What is needed is an exact reproduction of the lines from the one that contains "11-LAY-Party-Service Oktoberfest-Essen" through the end of the data, both included and nothing else, with pictures omitted.

# SOURCE DATA
^^^^^^^^
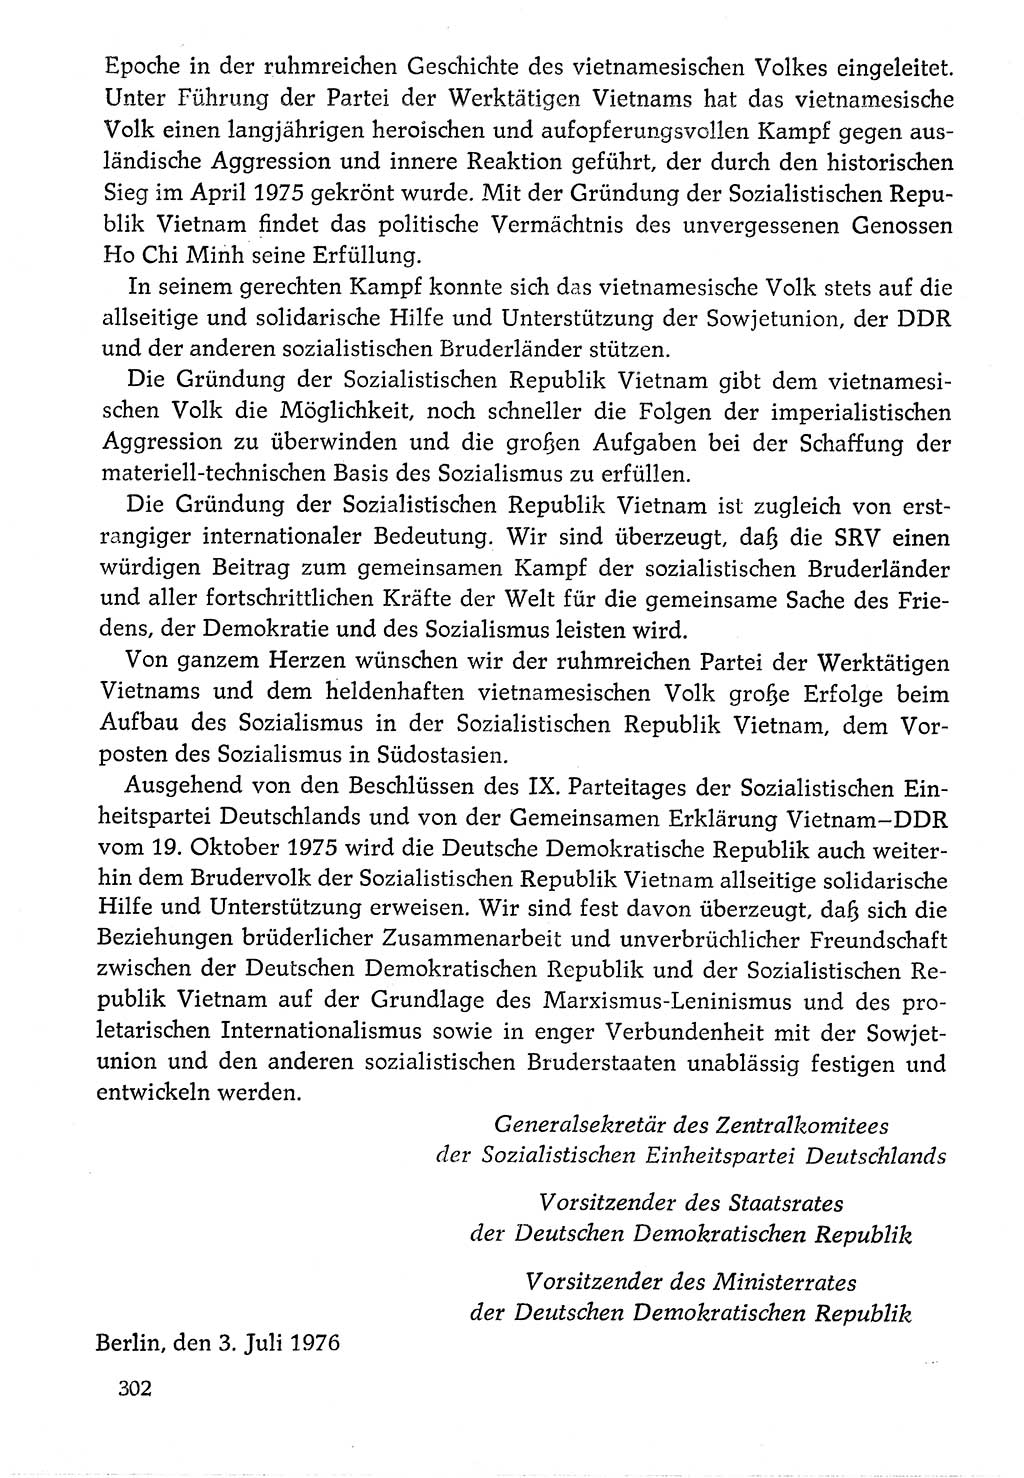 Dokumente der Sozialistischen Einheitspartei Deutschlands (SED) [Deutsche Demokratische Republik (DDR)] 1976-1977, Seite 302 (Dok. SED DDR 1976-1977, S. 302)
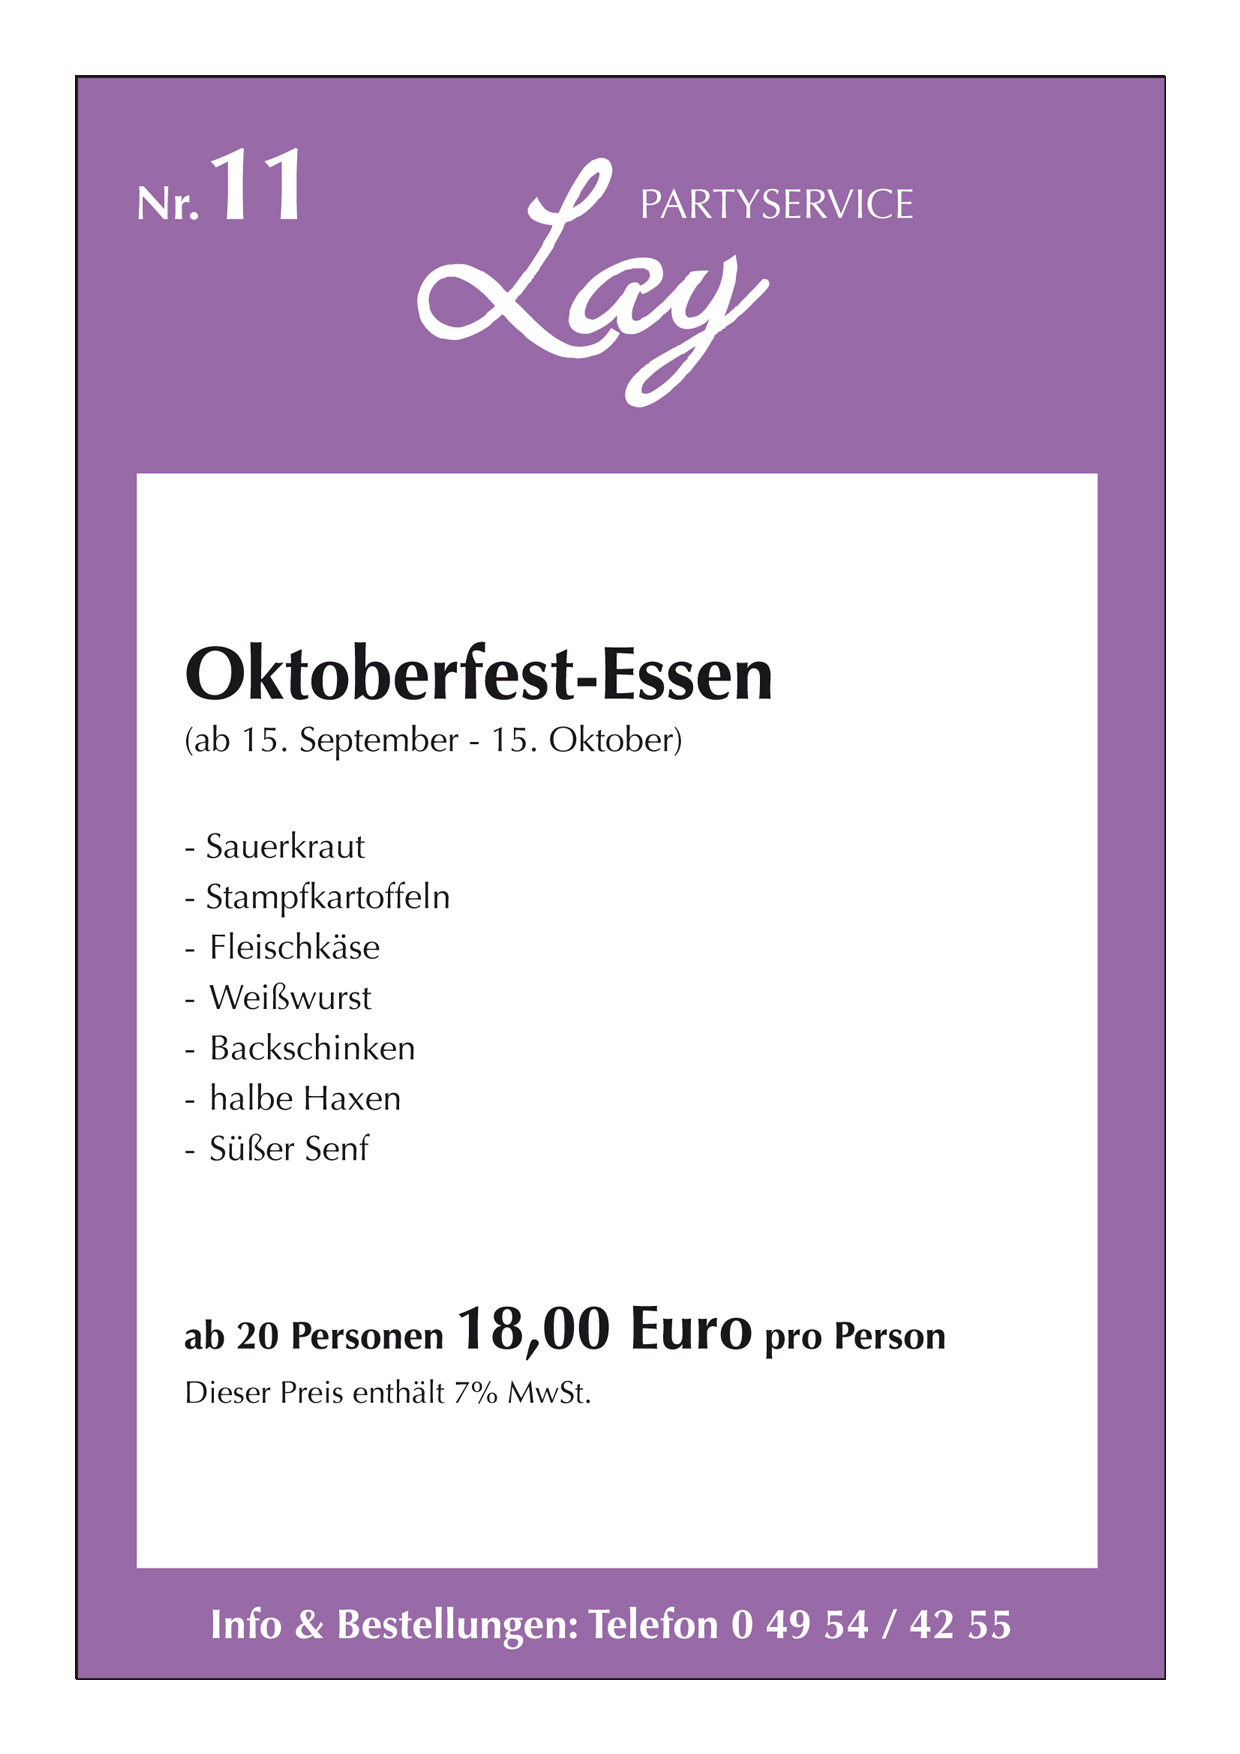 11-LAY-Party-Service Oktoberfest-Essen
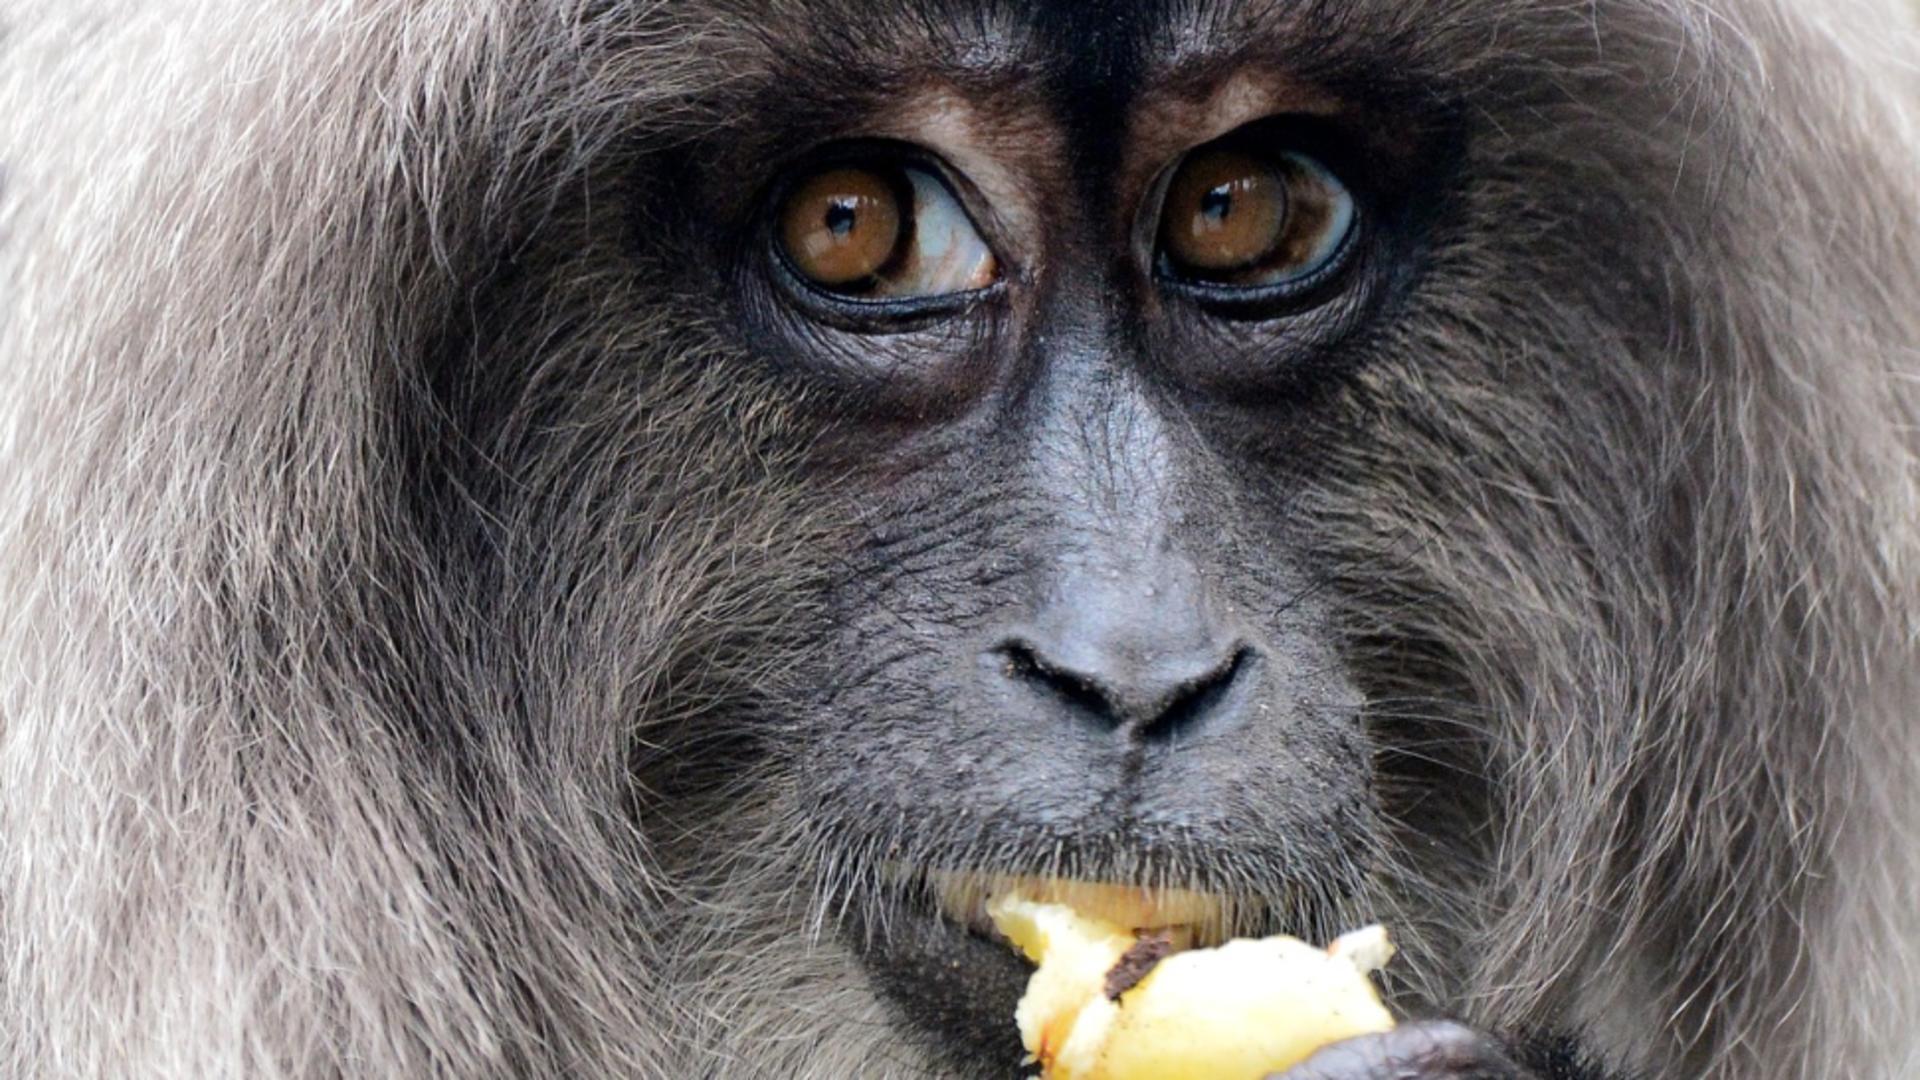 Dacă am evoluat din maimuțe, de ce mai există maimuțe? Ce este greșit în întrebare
^^^^^^^^
# SOLUTION TO THIS PROBLEM
 11-LAY-Party-Service Oktoberfest-Essen
 Dacă am evoluat din maimuțe, de ce mai există maimuțe? Ce este greșit în întrebare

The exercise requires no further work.